Dysembryoplastic neuroepithelial tumor (DNET) associated with dysgenesis of the corpus callosum

Case contributed by Ibraheem Mohammad AL-Boany
Diagnosis probable

Presentation

A young patient presented with long-standing epilepsy.

Patient Data

Age: 20 years
Gender: Male

The axial contrast-enhanced CT study shows a relatively well-demarcated cortically-based hypoattenuated lesion involving the lower posterior right frontal lobe, including the right inferior subcentral gyrus, without significant enhancement, mass effect, or calcification. The study also shows features suggestive of corpus callosum agenesis.
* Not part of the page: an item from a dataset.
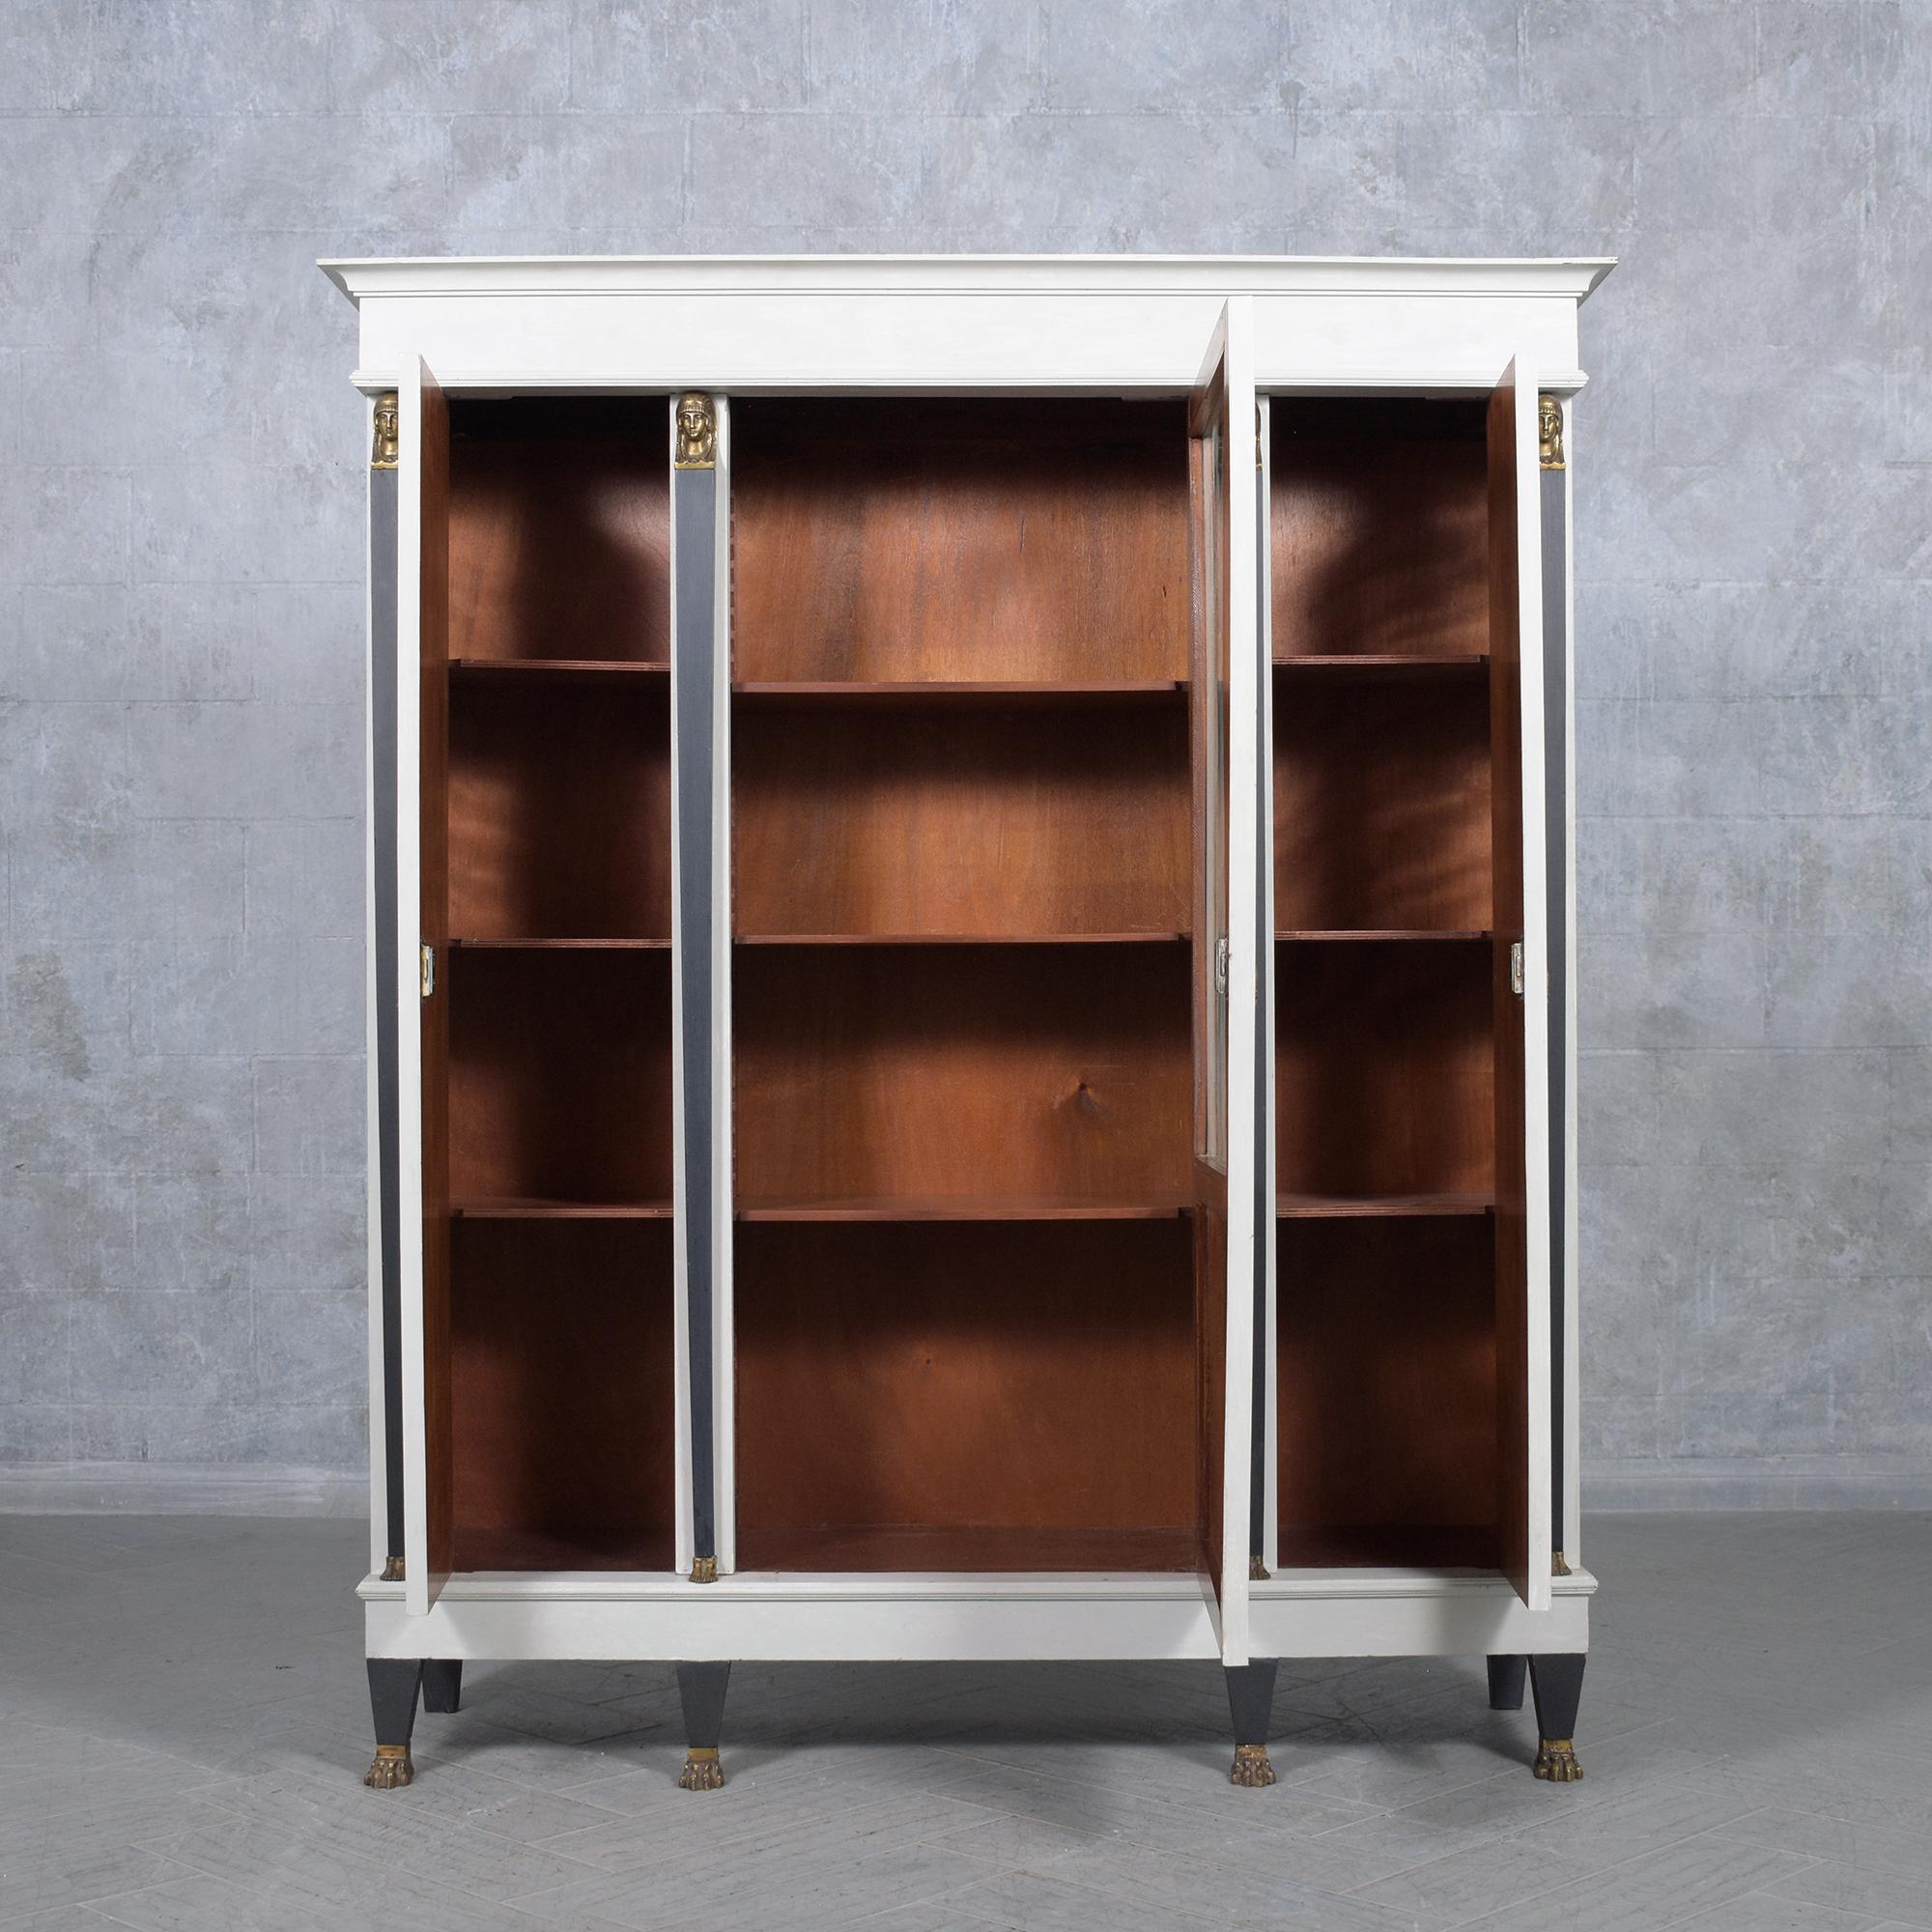 French Empire Bookcase: A Symphony of Mahogany, Brass, and Glass Elegance 1

The MRI study shows a well-demarcated cortically-based lesion that appears with a hyperintense signal on T2WI, with a bubbly appearance, and hypointense in T1WI without significant enhancement or mass effect. A thin, hyperintense rim is seen in the FLAIR study. Subtle scalloping of the overlying cranial bone is seen, denoting chronicity. Features of partial agenesis of the corpus callosum (CC) are also noted, manifested by the absence of the body and splenium of the CC, with relative preservation of the genu and rostrum. The lateral ventricles show a typical "racing car" appearance on the axial plane.

Case Discussion

The differential diagnosis in this particular case is between DNET and a low-grade glioma. The imaging characteristics and presentation of the patient align more favourably with the former.

Dysembryoplastic neuroepithelial tumor (DNET) is a unique type of low-grade glioneuronal tumor, usually presenting with childhood or adolescent epilepsy refractory to medical treatment. DNETs are slow-growing tumors arising from the cerebral cortex, usually involving an entire gyrus or a wedge-shaped part of a cerebral lobe. Pathologically, typical DNETs comprise the tumor core surrounded by the rim of dysplastic cortex; this rim of dysplastic cortex is regarded as highly epileptogenic. Complete resection of the tumor is crucial for seizure control. DNET appears on CT as a low-attenuating cortically-based mass with extension into the subcortical area. MRI is the imaging modality of choice for diagnosing DNET. It usually demonstrates a bubbly appearance with low signal intensity on T1W images and high signal on T2W images and FLAIR, without noticeable enhancement. Poor enhancement is a common feature that distinguishes DNET from gangliogliomas, which usually show intense enhancement.

Dysgenesis of the corpus callosum represents an in-utero developmental anomaly characterized by incomplete corpus callosum development. It is associated with many other CNS anomalies, including Chiari II malformation, Dandy-Walker spectrum, and grey matter heterotopia. However, no clearly proven association between this anomaly and DNET exists.